Cover Crops Build Soil

Author: Raylene Nickel 

Cow-calf producer and no-till farmer Lance Gartner, Glen Ullin, North Dakota, grows full-season cover crops to build soil health and to provide early-winter grazing for cows.

Soil organic matter has increased as a result of the multispecies cover crops and the fertility contributed by cattle manure and urine. “Before I started growing cover crops seven years ago, soil tests showed my no-till soils had 2.3% to 2.9% organic matter,” says Gartner. “In recent years, my soils have tested 3.7% to 4.25% organic matter.”

The building of soil organic matter results in a reduced need for applying nitrogen (N) to wheat and corn. Gartner has reduced commercial N use for these crops by 60%, and sometimes he eliminates fertilizer applications altogether.
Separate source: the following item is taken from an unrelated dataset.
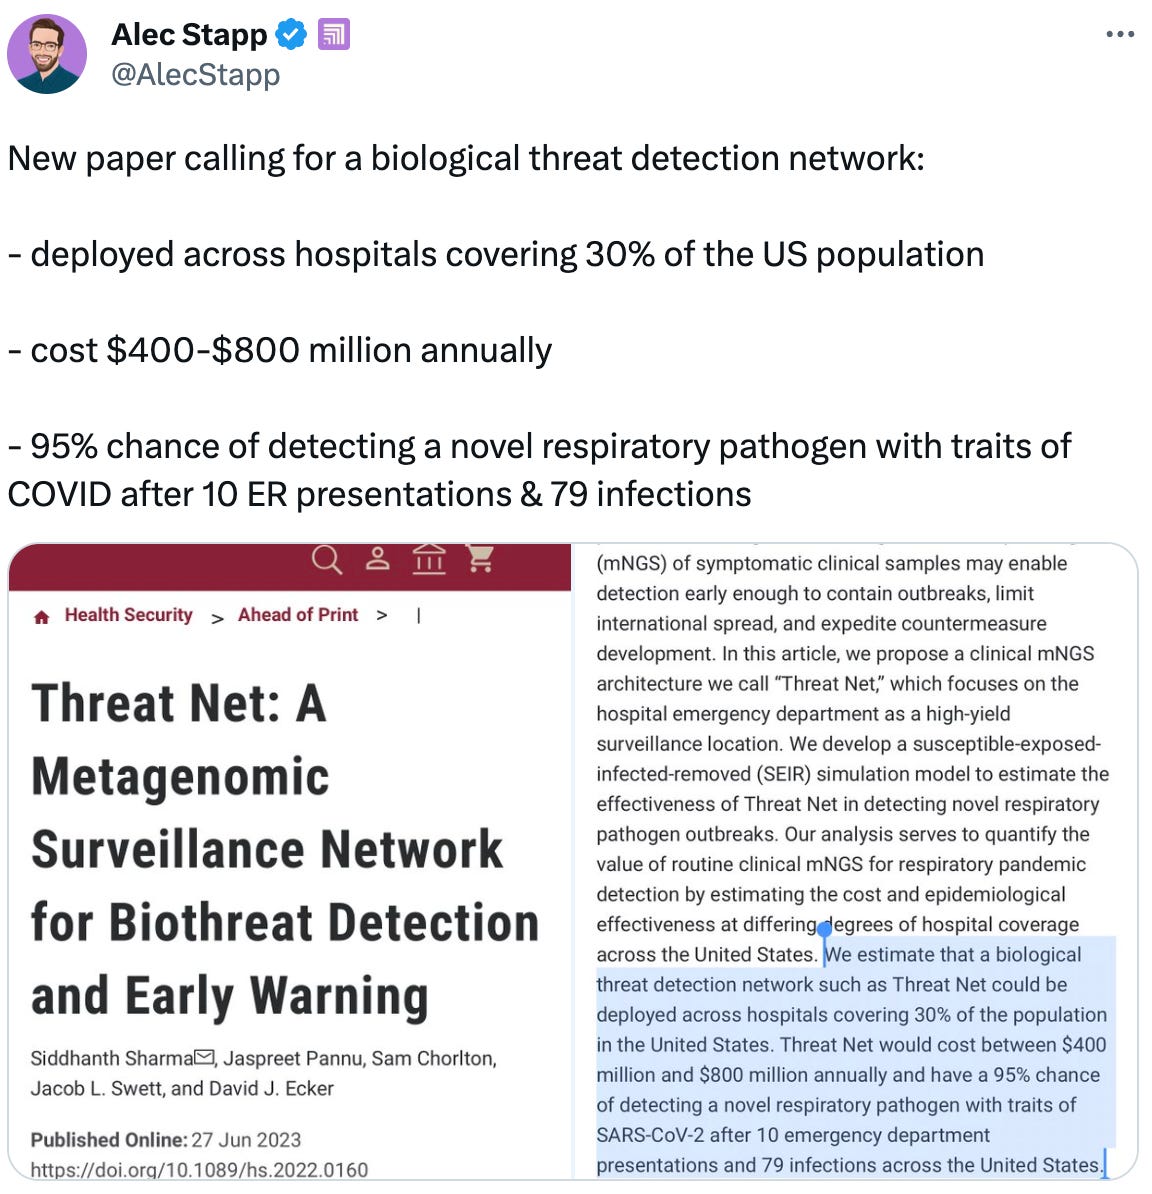  Alec Stapp  @AlecStapp New paper calling for a biological threat detection network:   - deployed across hospitals covering 30% of the US population  - cost $400-$800 million annually  - 95% chance of detecting a novel respiratory pathogen with traits of COVID after 10 ER presentations & 79 infections
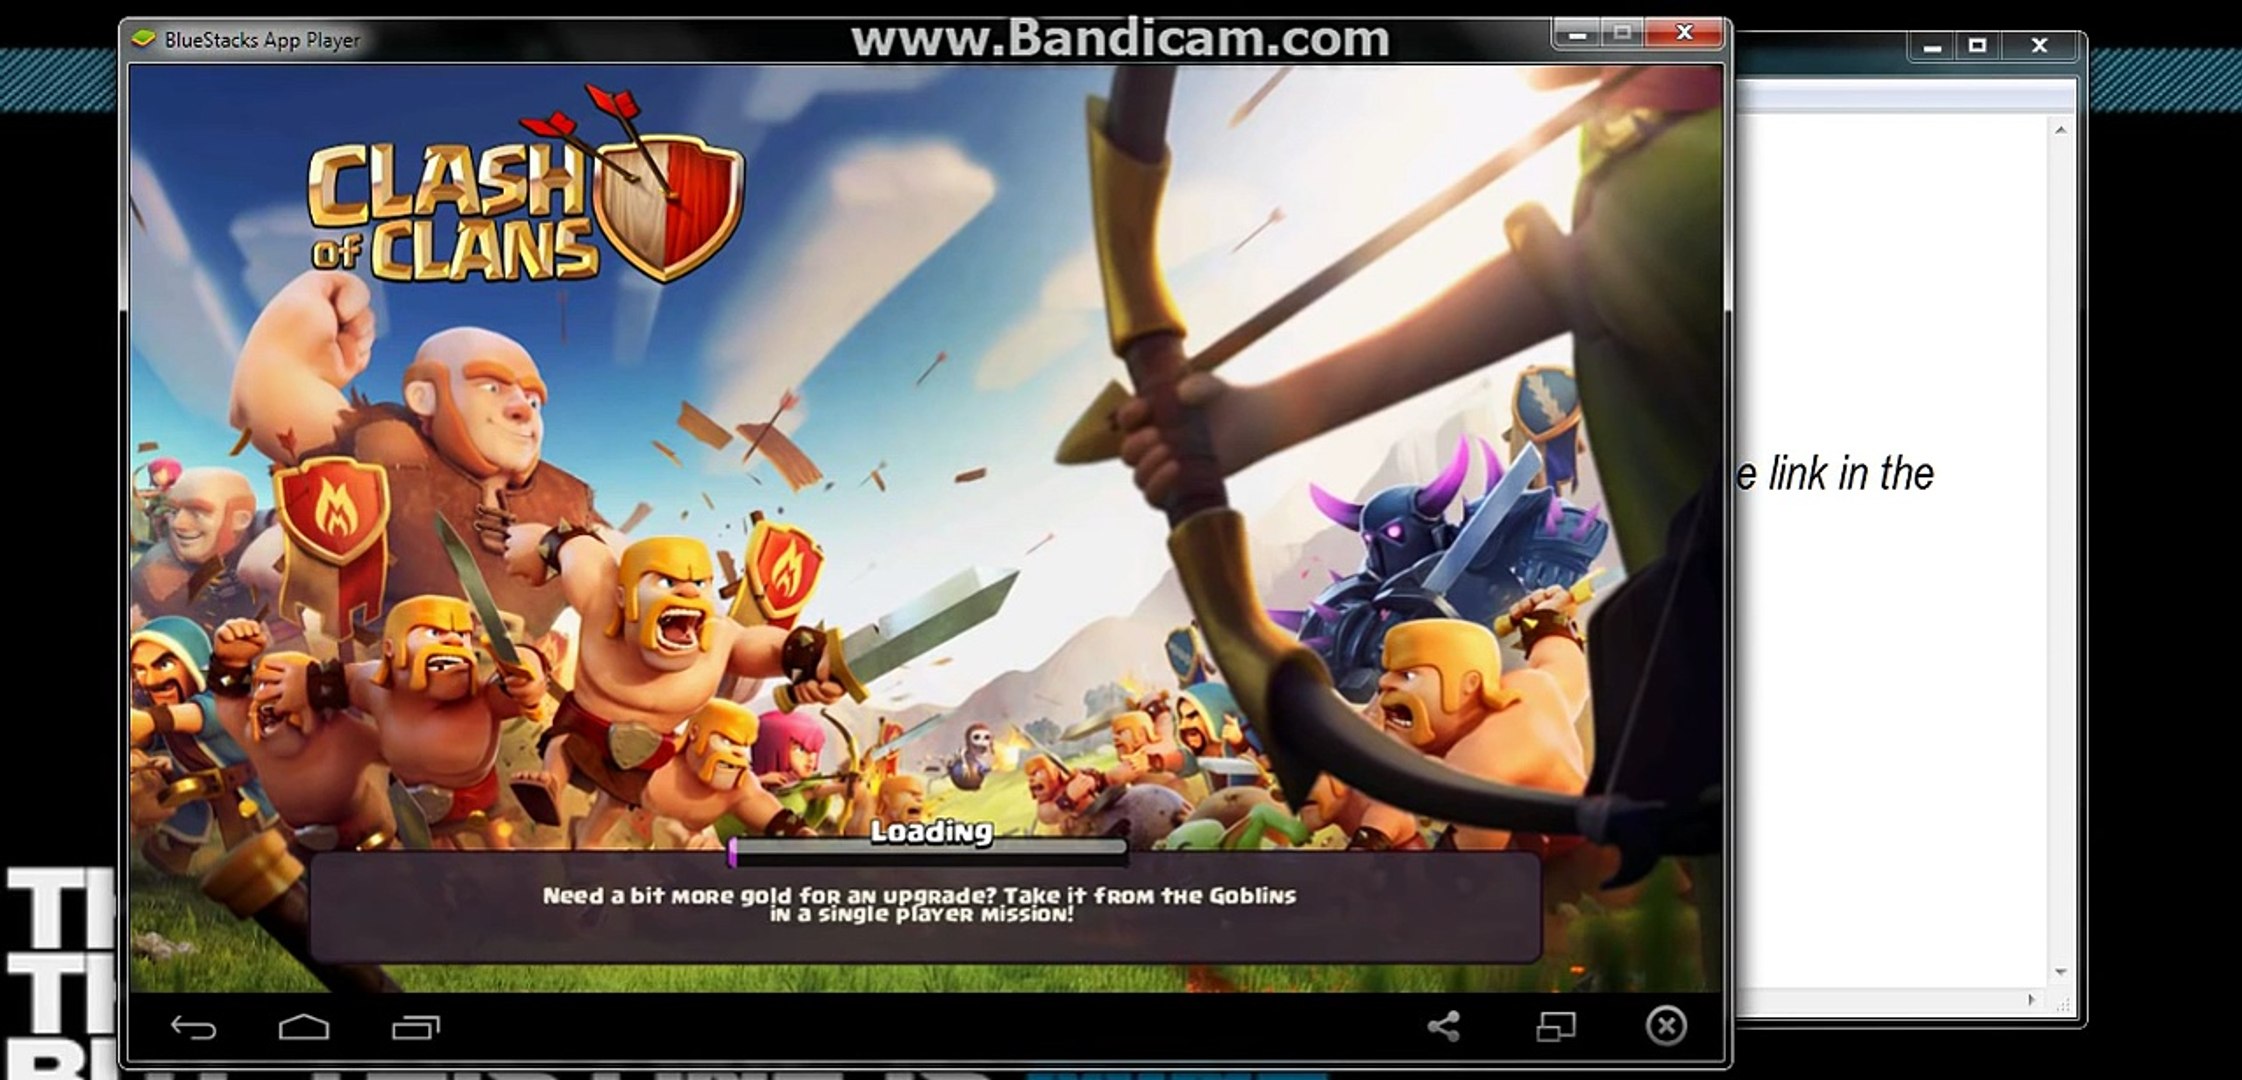 How To Hack Clash Of Clans With Cheat Engine 6.1

The yardstick guiding Gartner’s N-application rate is his estimate of N mineralizing from the organic matter. “The unavailable nitrogen doesn’t show up on soil tests, and what mineralizes is not immediately available to plants,” he says. “It becomes available to the crop slowly throughout the growing season.

“I allocate about 1,000 pounds per acre of unavailable N for each percent of organic matter,” he says. “I then figure 1% of this 1,000 pounds of unavailable N will mineralize. This yields 10 pounds of available N. When multiplied times 4% of organic matter, the result is a nitrogen credit of 40 pounds of available N per acre.”